A collection of thoughts related to the challenges of software engineering

stay connected

I, destructor

Although we edit NoSQL software, I always disliked calling our product a NoSQL database. I know we say in the third paragraph of our web page that wrpme is a NoSQL database, but see, right after it says that we prefer to call it a postmodern database as proposed by Dr. Richard Hipp.

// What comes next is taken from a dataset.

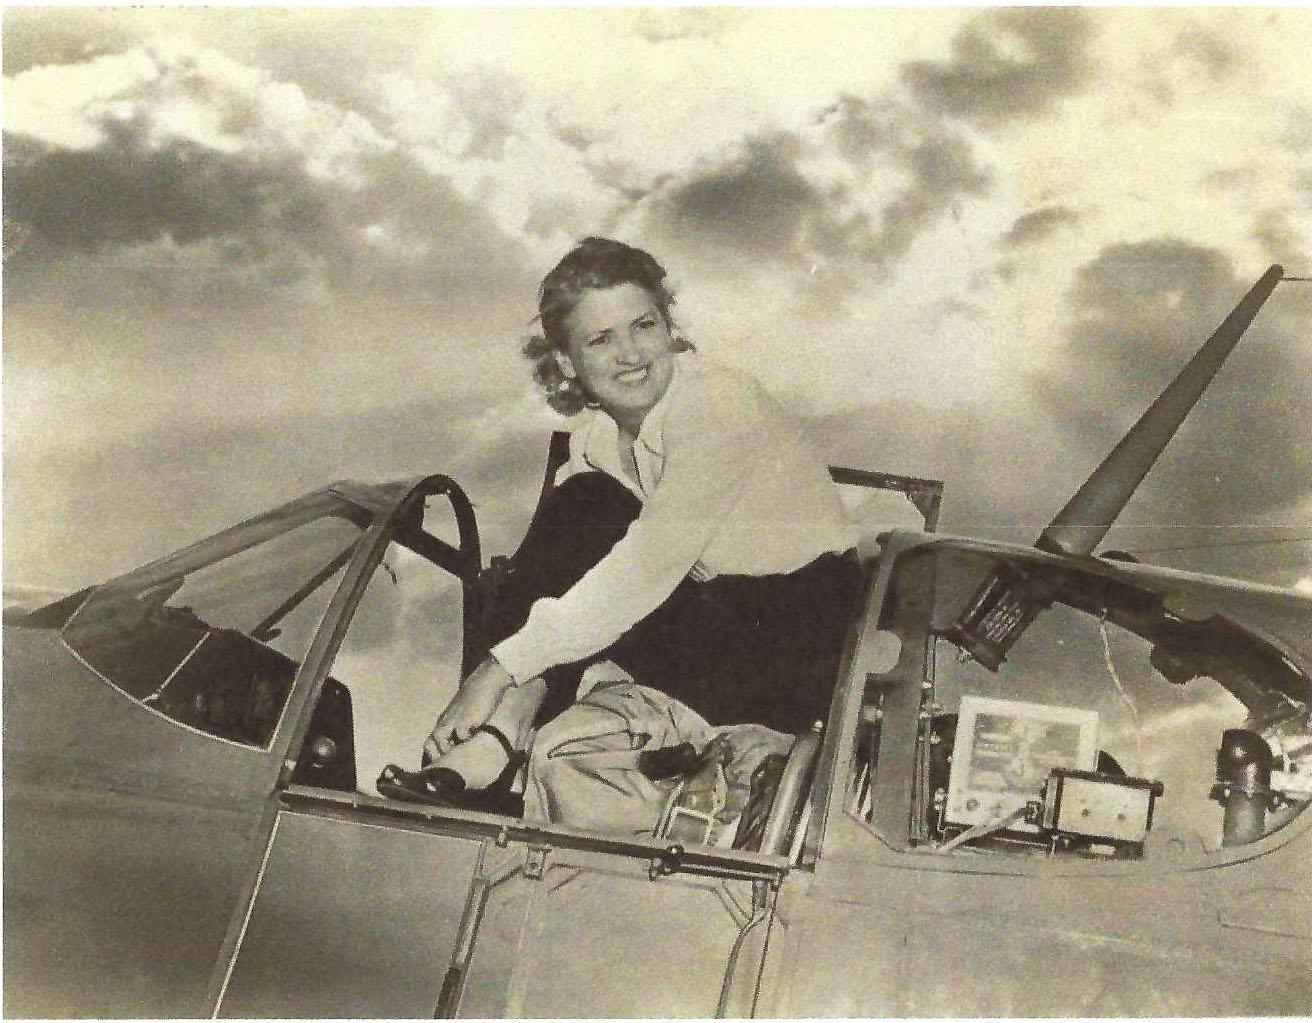 CALLING ALL PILOTS:  MEET JACKIE COCHRAN
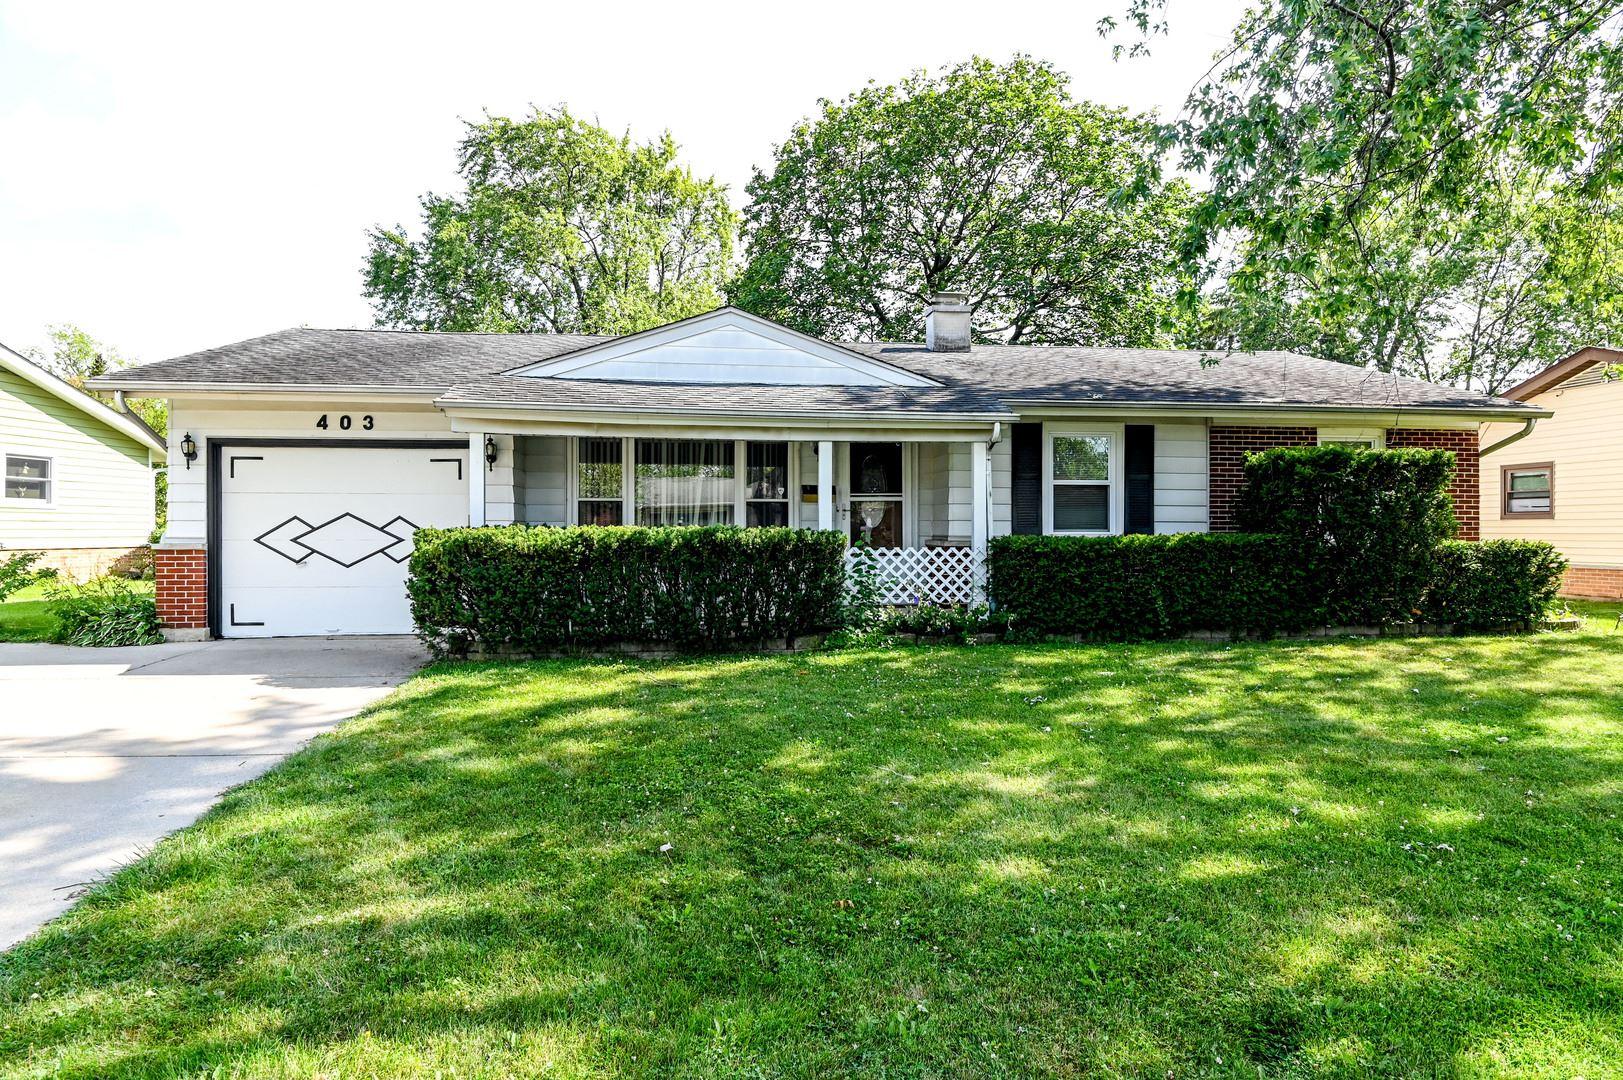 403 Birchwood Avenue, Elk Grove Village, IL 60007 - #: 11165379

The obvious reason why we use this fancy word is because we’re French which makes us pretty much the pinnacle of snobbery and pedantry. The other reason is because we weren’t able to come up with a better term.

There’s also the thing that we don’t like NoSQL is because it’s a negative term that suggests our software is here to destroy Relational Database Management Systems (RDBMS) which are the one true evil.

I think I can safely say that no one is trying to destroy anything.

Where I say good things about RDMBS

I guess the NoSQL term originated from someone who was fed up with yet another pervert use of relational databases.

I’ve seen my share, I can relate to that feeling.

The first thing that comes to my mind is any software that uses a RDBMS to serialize data. That's pretty overkill, isn't it? After all, I however think I prefer the “one table to rule them all” scheme. Wait. One table is good, but, I’ve heard primary keys are good too so if we make everything a primary key it must be very good. Oh, and more indexes please, I can’t get enough of them. I know that I will somehow need to research those binary blobs, so index them please. And index the indexes to make the indexes faster.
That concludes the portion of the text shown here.